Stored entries

::::::

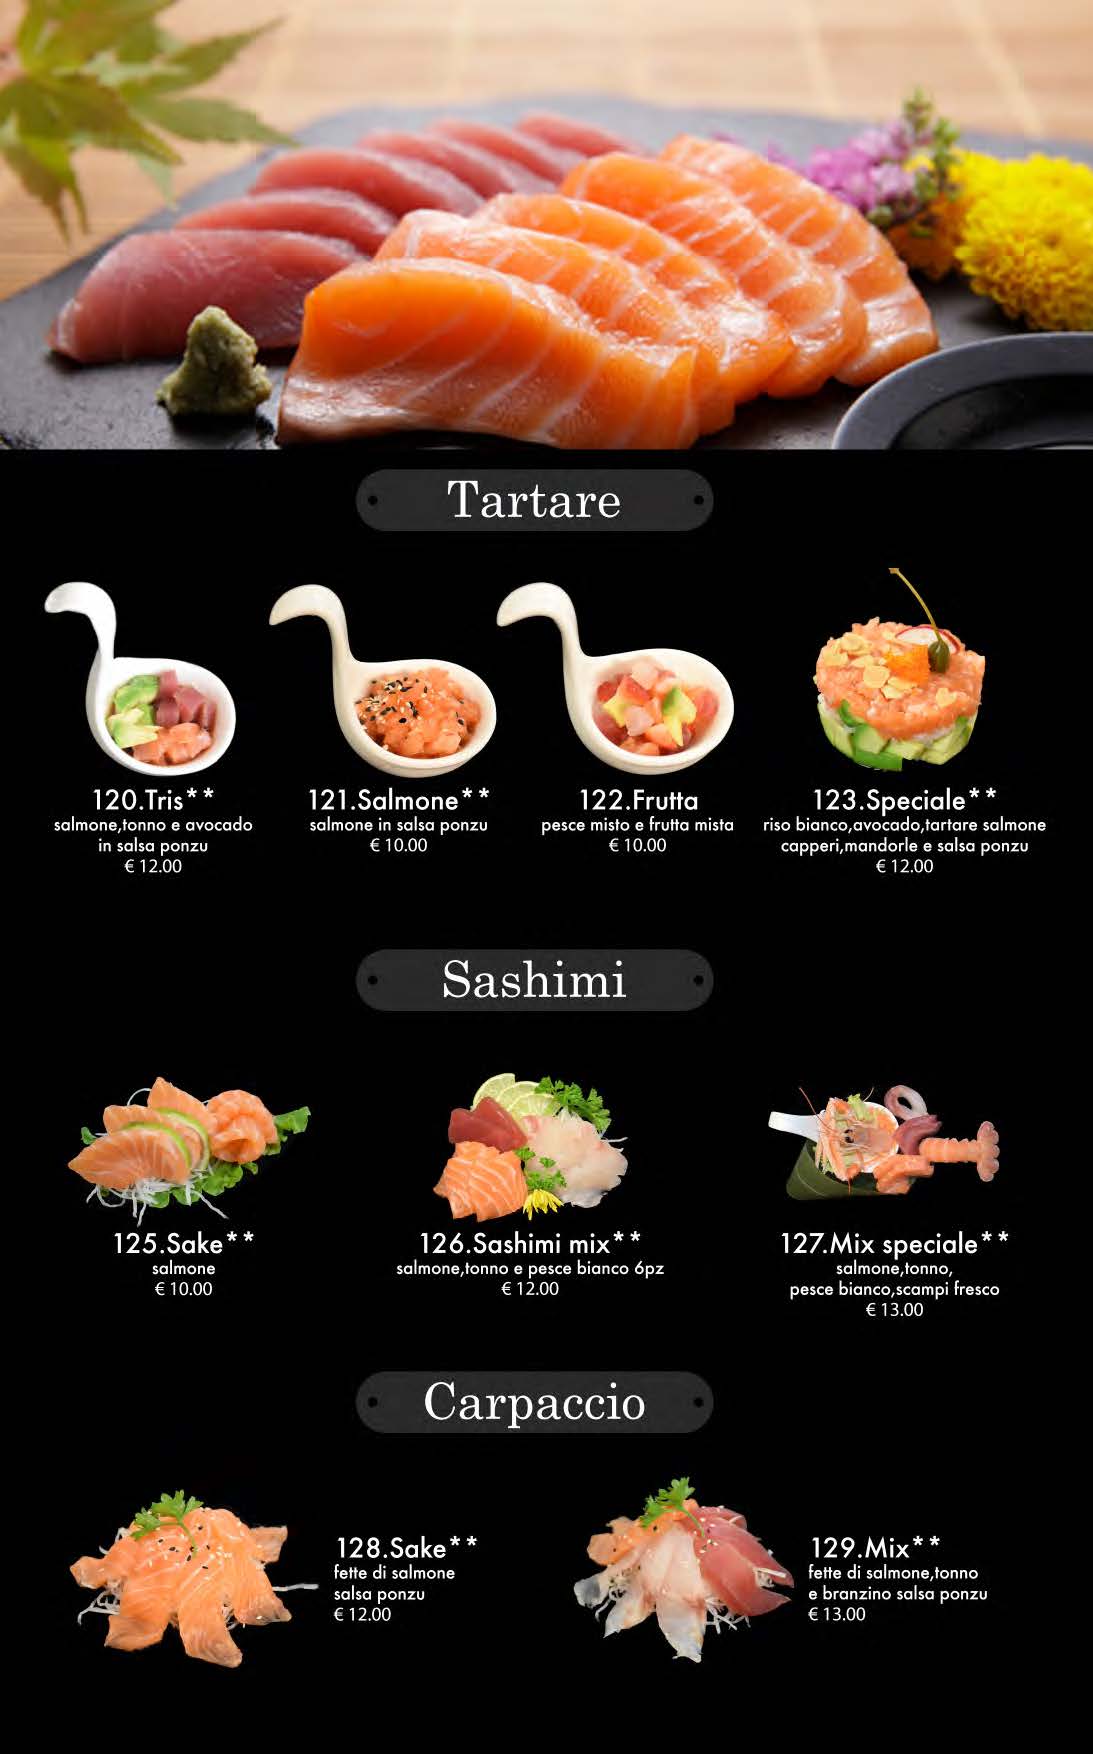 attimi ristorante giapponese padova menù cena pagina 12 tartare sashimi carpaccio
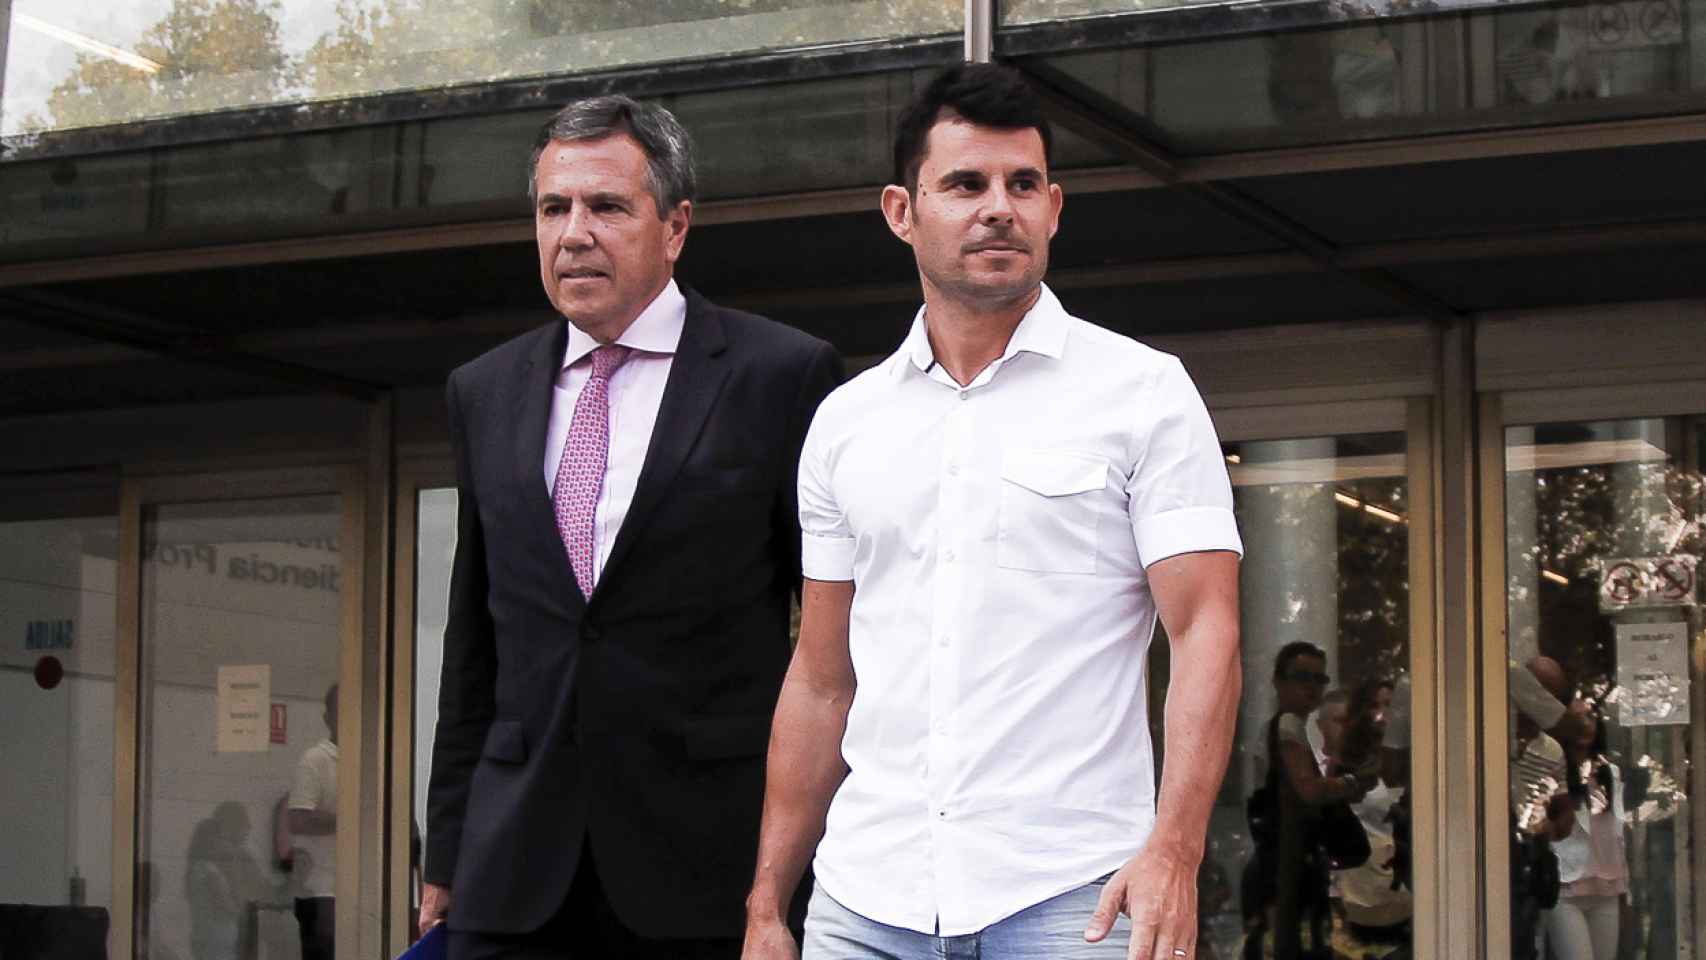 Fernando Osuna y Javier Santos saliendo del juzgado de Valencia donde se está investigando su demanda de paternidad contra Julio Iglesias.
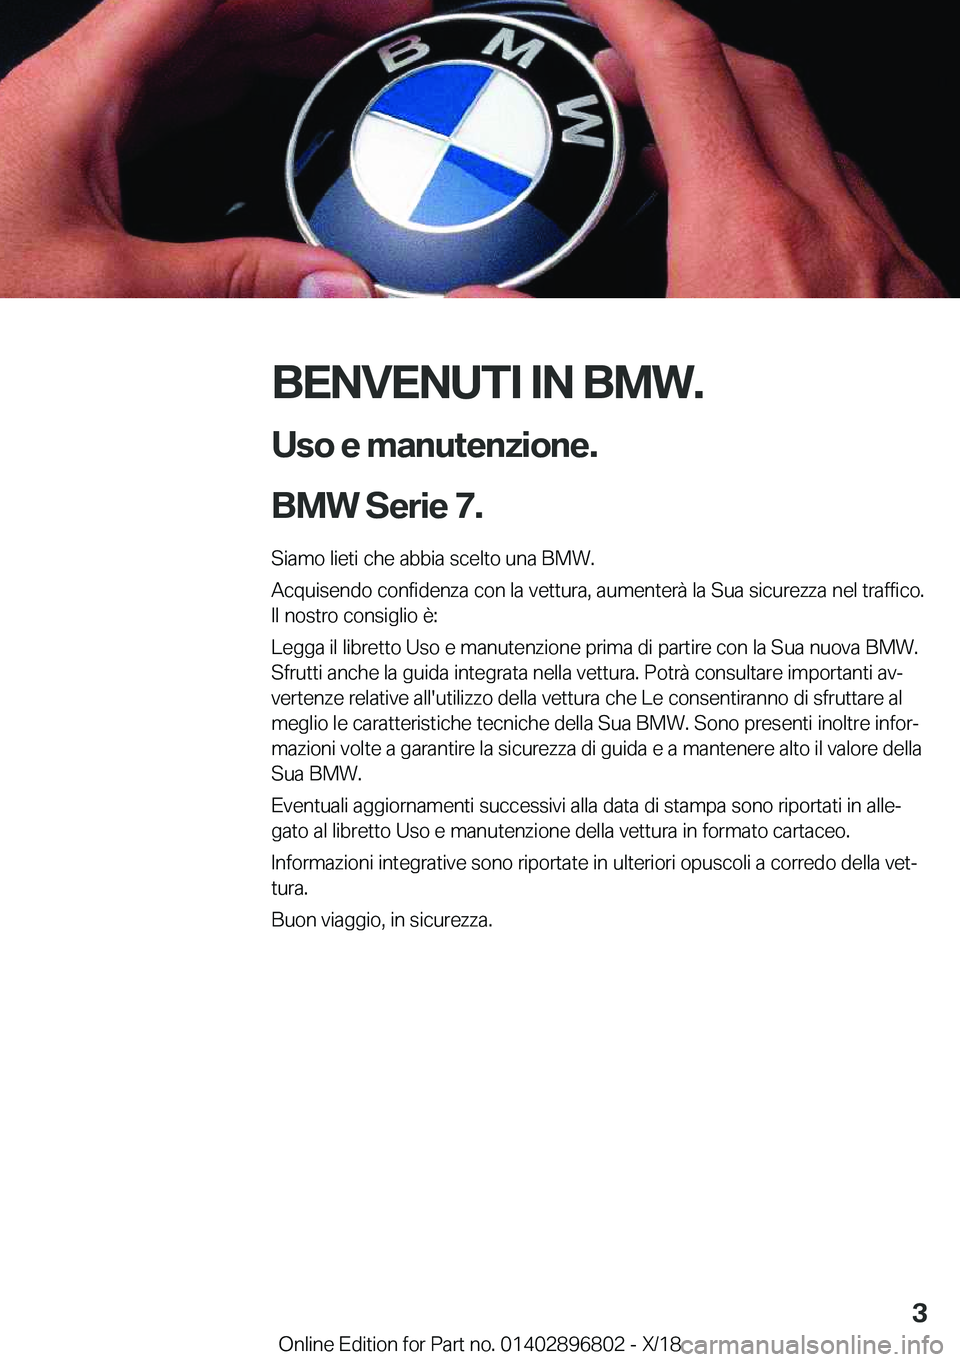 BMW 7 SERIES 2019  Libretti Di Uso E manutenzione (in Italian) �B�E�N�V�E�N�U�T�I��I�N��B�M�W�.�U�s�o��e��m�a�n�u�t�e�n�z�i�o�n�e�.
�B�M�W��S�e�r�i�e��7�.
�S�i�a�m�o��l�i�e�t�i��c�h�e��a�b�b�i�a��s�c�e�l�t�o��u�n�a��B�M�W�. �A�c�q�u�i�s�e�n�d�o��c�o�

::::::

What you will do ▸ Copy nothing but the lines from the top of the data down to the line containing "Fernando Osuna y", and leave the pictures out.

Response ▸
 attimi ristorante giapponese padova menù cena pagina 12 tartare sashimi carpaccio
 Fernando Osuna y Javier Santos saliendo del juzgado de Valencia donde se está investigando su demanda de paternidad contra Julio Iglesias.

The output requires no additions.